I don't need induction because I am not proving a novel statement for all n, but rather for one specific n. You already agree with me that the partial sums are of the form $$1 - \frac{1}{10^k}$$ so I don't need to prove that anew with induction.

You aren't even using the correct domain of mathematics. This thread is about the real numbers and analysis.

$$y = 10^x$$ is continuous and one-to-one mapping all real numbers to positive real numbers, therefore $$x = \log_{\tiny 10} y$$ is continuous and maps all positive numbers to the real numbers. This is very basic analysis.

Therefore if $$0 \lt 0.999... \lt 1$$ then $$1 - 0.999...$$ is positive and therefore $$\log_{\tiny 10} \left( 1 - 0.999... \right)$$ is a real number less than 0, therefore $$ \left\lfloor \log_{\tiny 10} \left( 1 - 0.999... \right) \right\rfloor $$ is an negative integer and $$1 - \left\lfloor \log_{\tiny 10} \left( 1 - 0.999... \right) \right\rfloor$$ is a positive integer, and therefore a natural number. We call this natural number n.

Now because we assumed $$ 0.999... \lt 1$$, we know n exists and that $$0.999... \lt 1 - \frac{1}{10^n}$$ but because $$1 - \frac{1}{10^n} \in \left{ 0, \, \frac{1}{10}, \, \frac{1}{10^2}, \, \frac{1}{10^3}, \, \dots \right}$$ then and $$0.999... \; = \; \textrm{sup} \, \left{ 0, \, \frac{1}{10}, \, \frac{1}{10^2}, \, \frac{1}{10^3}, \, \dots \right}$$ it follows that necessarily, $$1 - \frac{1}{10^n} \leq 0.999...$$ and from the transitive axiom of ordering, it follows that $$0.999... \lt 0.999...$$ which contradicts $$0.999... = 0.999...$$ and so we reject the hypothesis $$ 0.999... \lt 1$$.

At no point did I mean to write $$\color{red} \textrm{sup} \, \left{ 0, \, \frac{1}{10}, \, \frac{1}{10^2}, \, \frac{1}{10^3}, \, \dots \right} \lt 0.999... $$ because that contradicts what I am asserting $$0.999... = \textrm{sup} \, \left{ 0, \, \frac{1}{10}, \, \frac{1}{10^2}, \, \frac{1}{10^3}, \, \dots \right}$$ which in layman's terms is 0.999... is the smallest number at least as big as any number of the form $$1 - \frac{1}{10^k}$$ where k is any natural number.

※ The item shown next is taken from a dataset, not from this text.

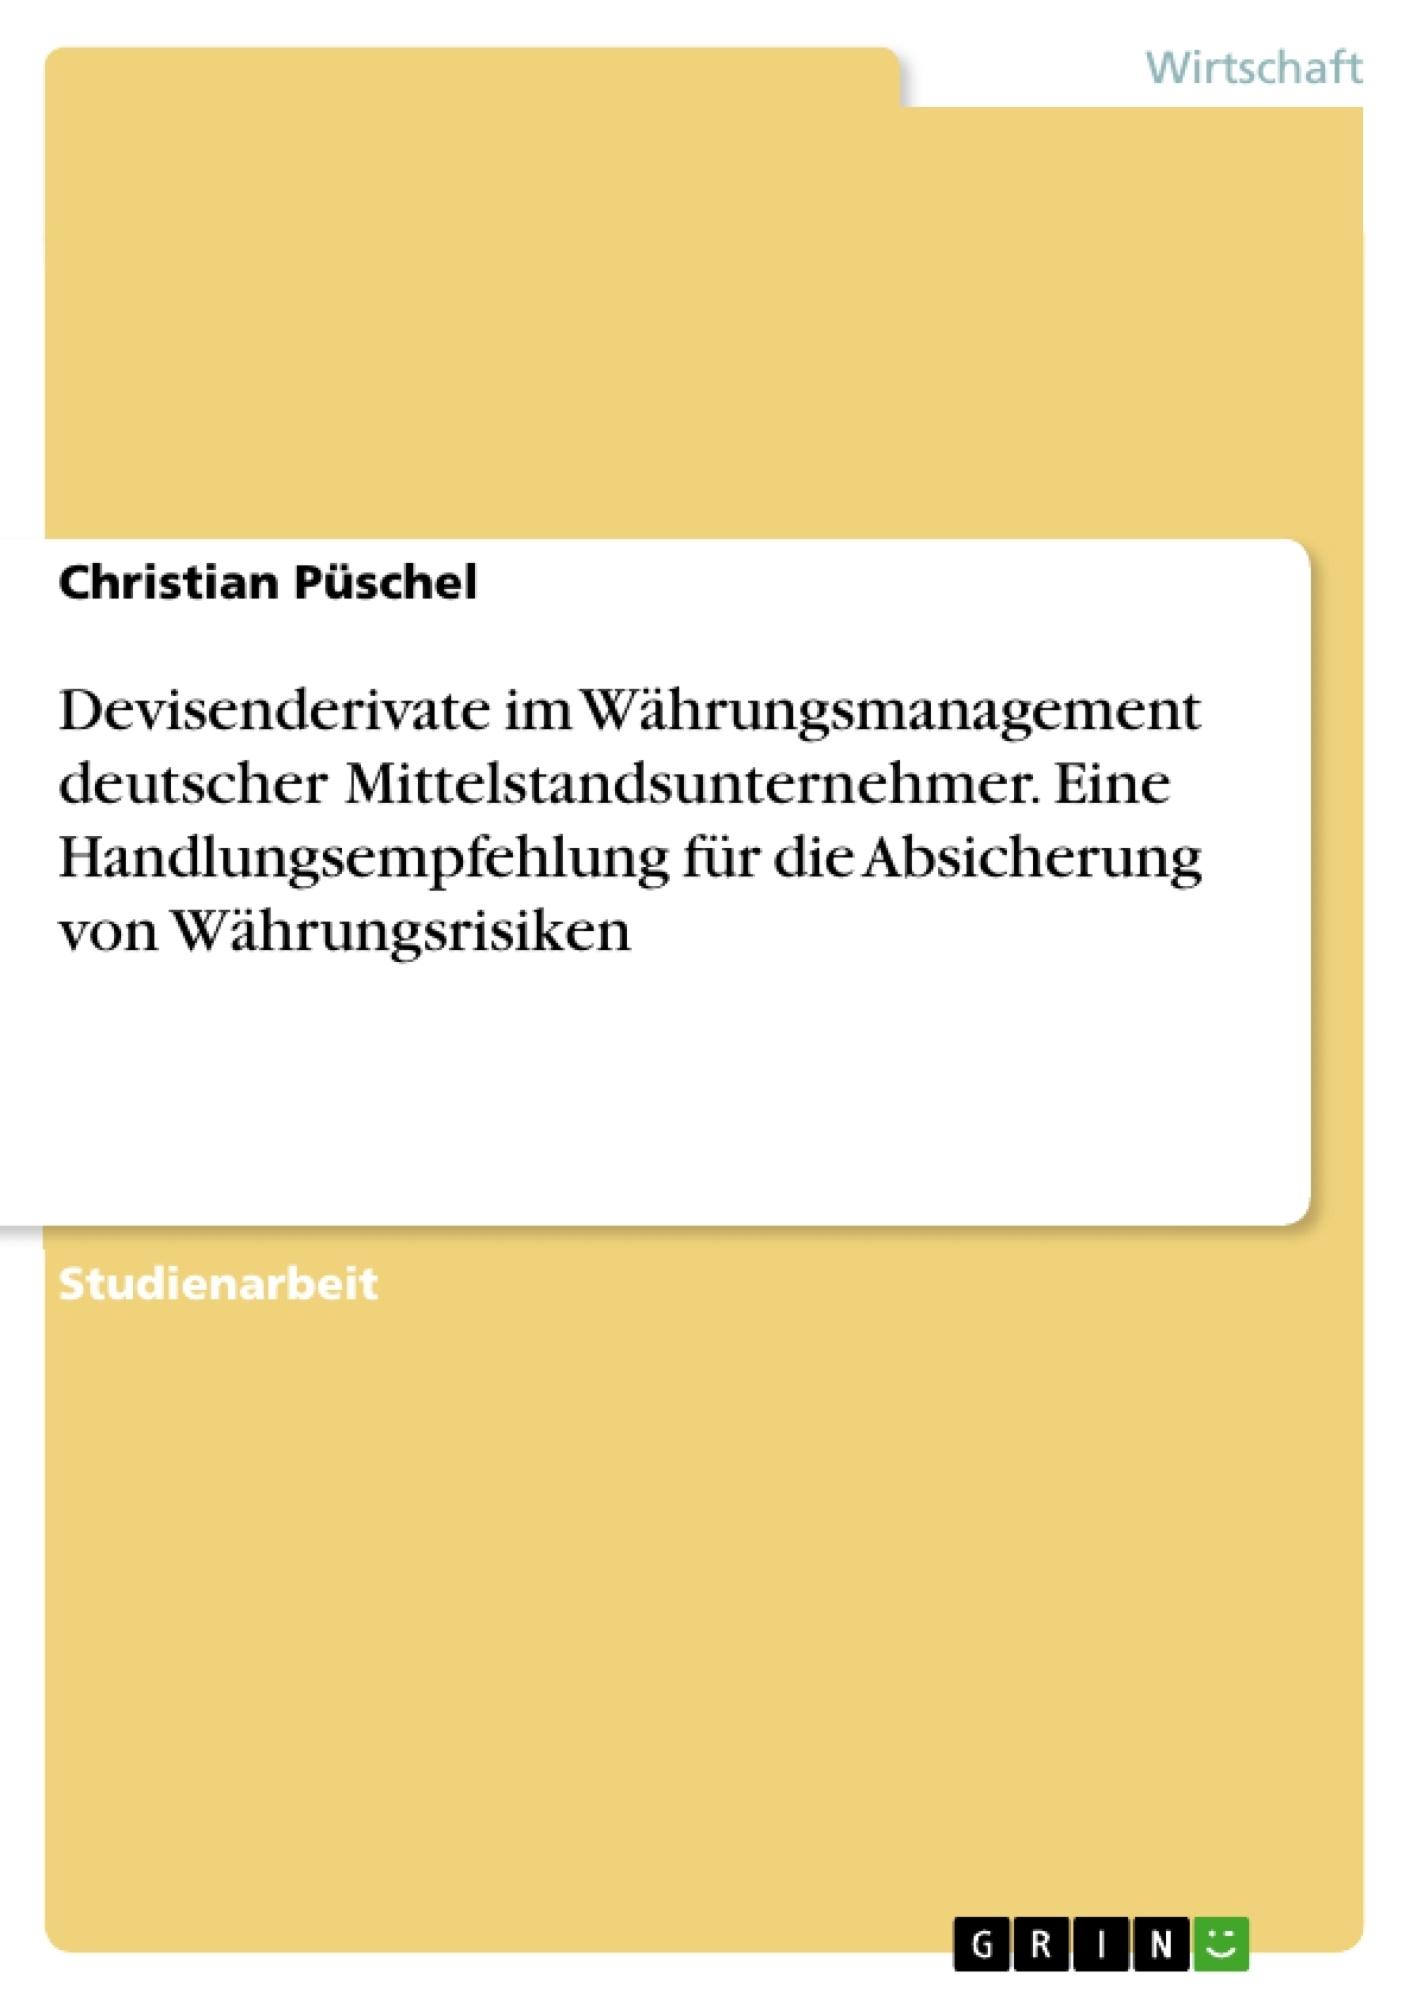 Titel: Devisenderivate im Währungsmanagement deutscher Mittelstandsunternehmer. Eine Handlungsempfehlung für die Absicherung von Währungsrisiken

I see I did do it as a typo,

Obviously, $$1 - \frac{1}{10^{n-3}} \lt 0.999... \lt 1 - \frac{1}{10^n} \lt \textrm{sup} \; \left{ 0, \, 1 - \frac{1}{10}, \, 1 - \frac{1}{10^2}, \, 1 - \frac{1}{10^3}, \dots \right} = 0.999...$$ was meant. But it doesn't matter much since both $$1 - \frac{1}{10^n} \lt \textrm{sup} \; \left{ 0, \, 1 - \frac{1}{10}, \, 1 - \frac{1}{10^2}, \, 1 - \frac{1}{10^3}, \dots \right} $$ and $$1 - \frac{1}{10^n} \lt 0.999...$$ are true for any natural number n, and since by hypothesis $$0.999... \lt 1 - \frac{1}{10^n}$$ then $$0.999... \lt 0.999... \lt 0.999... $$ and it follows that $$0.999... \lt \textrm{sup} \; \left{ 0, \, 1 - \frac{1}{10}, \, 1 - \frac{1}{10^2}, \, 1 - \frac{1}{10^3}, \dots \right} \lt 0.999... $$. That one mistaken hypothesis (assuming $$ 0.999... \lt 1$$) leads to more than one faulty conclusion is called the Principle of Explosion.

Whether or not I was consciously meaning to assert that explicitly, I do not recall. But I didn't call it out in text, and that is a mistake of sorts.